I first became really aware of this problem, and a nice solution to it, listening to the Ruby Rogues podcast. Therein, one of the panelists advised everyone to model crucial processing as state machines. The jobs become the transitions from one model state to the next. You store the state alongside an appropriate model in your database. If a job should get dropped, it’s possible to scan the database for models that are in an inconsistent state and issue the job again.

Example follows

Let’s work an example. For our imaginary application, comment notifications are really important. We want to make sure they get sent, come hell or high water. Here’s what our comment model looks like originally:

    class Comment

      after_create :send_notification

      def send_notification
        Resque.enqueue(NotifyUser, self.user_id, self.id)
      end

    end

Now we’ll add a job to send that notification:

    class NotifyUser
      @queue = :notify_user

      def self.perform(user_id, comment_id)
        # Load the user and comment, send a notification!
      end

    end

But, as I’ve pointed out with great drama, this code can drop jobs. Let’s throw that state machine in:

    class Comment
      # We'll use acts-as-state-machine. It's a classic.
      include AASM

      # We store the state of sending this notification in the aptly named
      # `notification_state` column. AASM gives us predicate methods to see if this
      # model is in the `pending?` or `sent?` states and a `notification_sent!`
      # method to go from one state to the next.
      aasm :column => :notification_state do
        state :pending, :initial => true
        state :sent

        event :notification_sent do
          transitions :to => :sent, :from => [:pending]
        end
      end

      after_create :send_notification

      def send_notification
        Resque.enqueue(NotifyUser, self.user_id, self.id)
      end

    end

Our notification has two states: pending, and sent. Our web app creates it in the pending state. After the job finishes, it will put it in the sent state.

    class NotifyUser
      @queue = :notify_user

      def self.perform(user_id, comment_id)
        user    = User.find(user_id)
        comment = Comment.find(comment_id)

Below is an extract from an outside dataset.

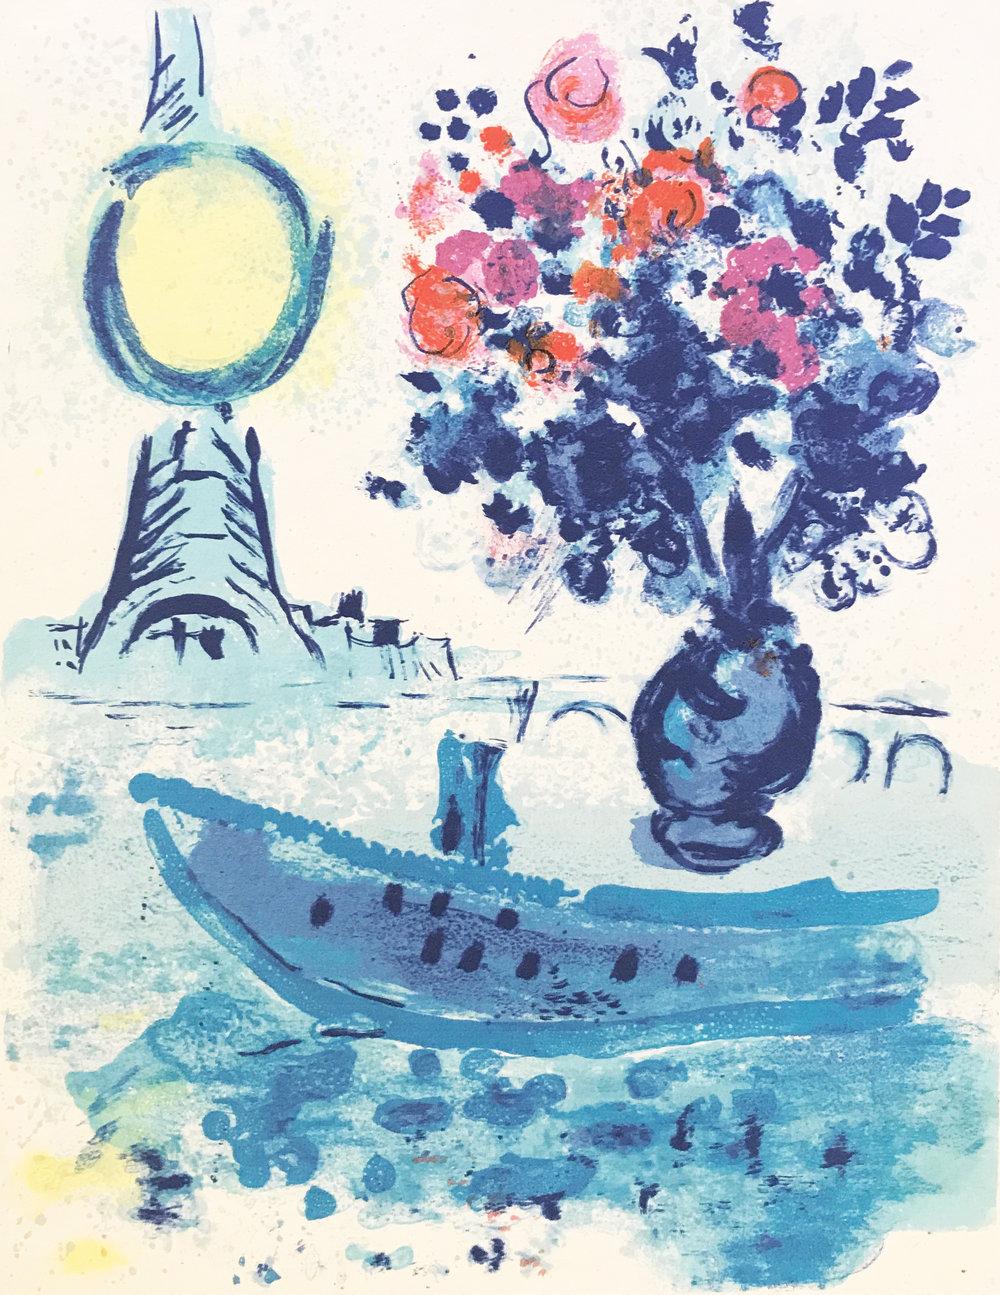 MARC CHAGALL   Regards sur Paris [Le bateau mouche au bouquet] , 1960  Original lithograph on Japan paper, 39 x 30 cm  £1,200   enquire >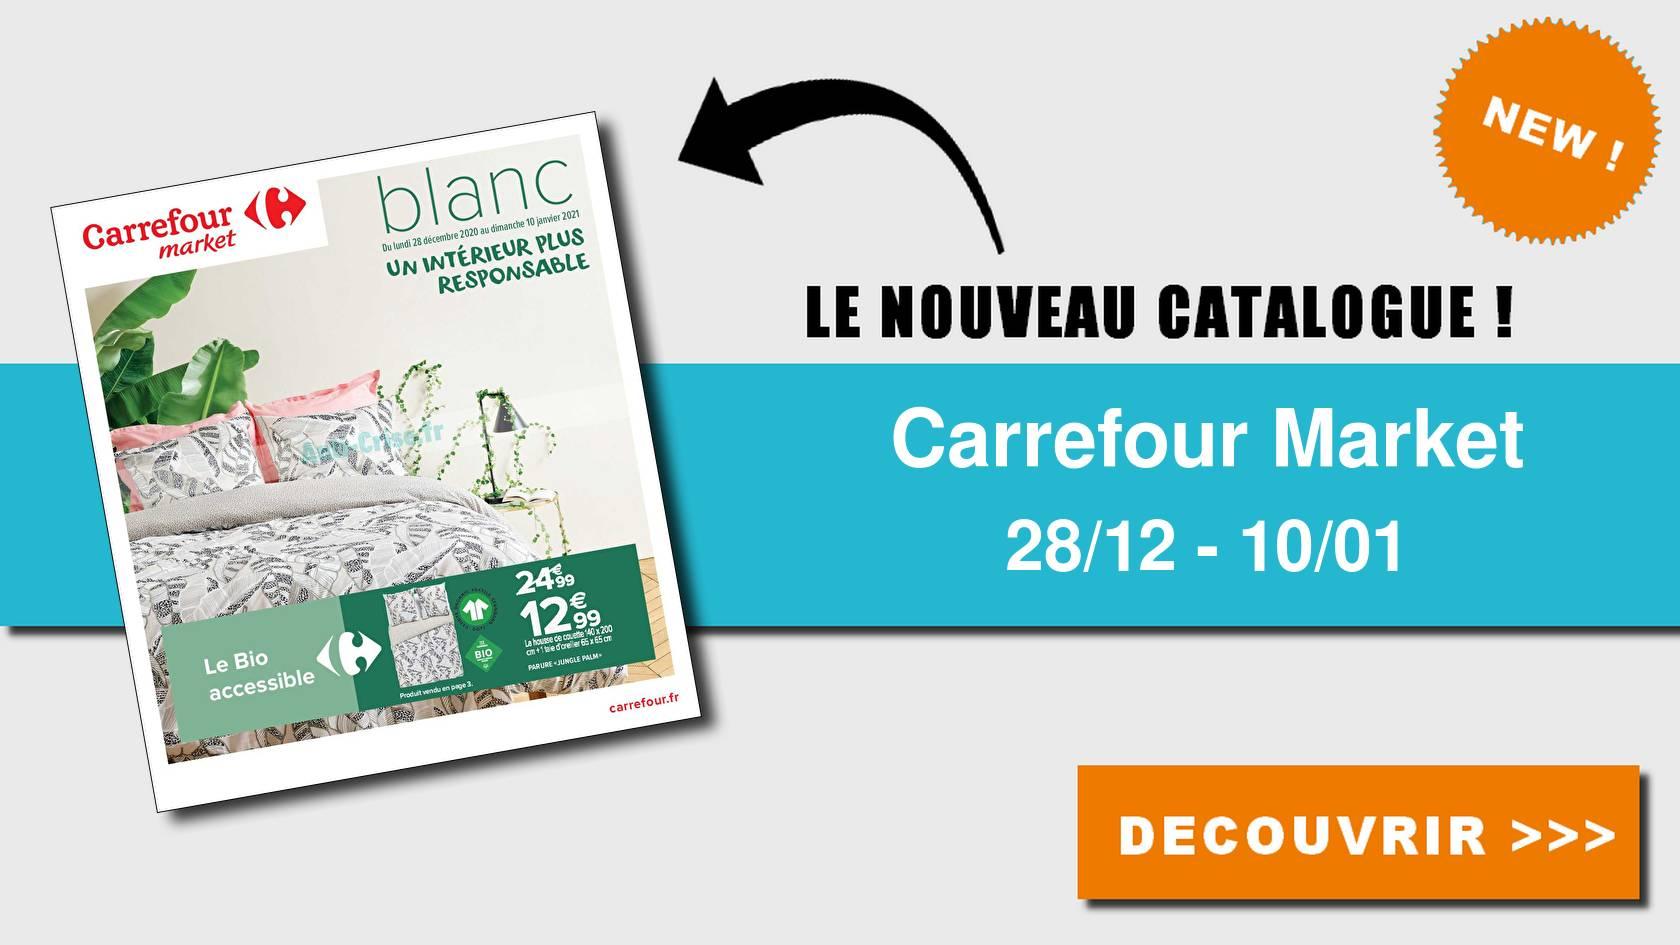 carrefour market le nouveau catalogue

        user.notify_for(comment)
        # Notification success! Update the comment's state.
        comment.notification_sent!
      end

    end

This a good start for more reliably processing jobs. However, most jobs happen to handle the interaction between two systems. This notification is a great example. It integrates our application with a mail server or another service that handles our notifications. Talking to those things is probably something that isn’t tolerant to duplicate requests. If our process croaks between the time it tells the mail server to send and the time it updates the notification state in our database, we could accidentally process this notification twice. Back to square one?

¡DRAMA MUSIC!

Not quite. We can reduce our problem space once more by adding another state to our model.

    class Comment
      include AASM

      aasm :column => :notification_state do
        state :pending, :initial => true
        state :sending # We have attempted to send a notification
        state :sent    # The notification succeeded
        state :error   # Something is amiss :(

        # This happens right before we attempt to send the notification
        event :notification_attempted do
          transitions :to => :sending, :from [:pending]
        end

        # We take this transition if an exception occurs
        event :notification_error do
          transitions :to => :error, :from => [:sending]
        end

        # When everything goes to plan, we take this transition
        event :notification_sent do
          transitions :to => :sent, :from => [:sending]
        end

      end

      after_create :send_notification

      def send_notification
        Resque.enqueue(NotifyUser, self.user_id, self.id)
      end

    end

Now, when our job processes a notification, it first uses notification_attempted. Should this job fail, we’ll know which jobs we should look for in our logs. We could also get a little sneaky and monitor the number of jobs in this state if we think we’re bottlenecking around sending the actual notification. Once the job completes, we transition to the sent state. If anything goes wrong, we catch the exception and put the job in the error state. We definitely want to monitor this state and use the logs to figure out what went wrong, manually fix it, and perhaps write some code to fix bugs or add robustness.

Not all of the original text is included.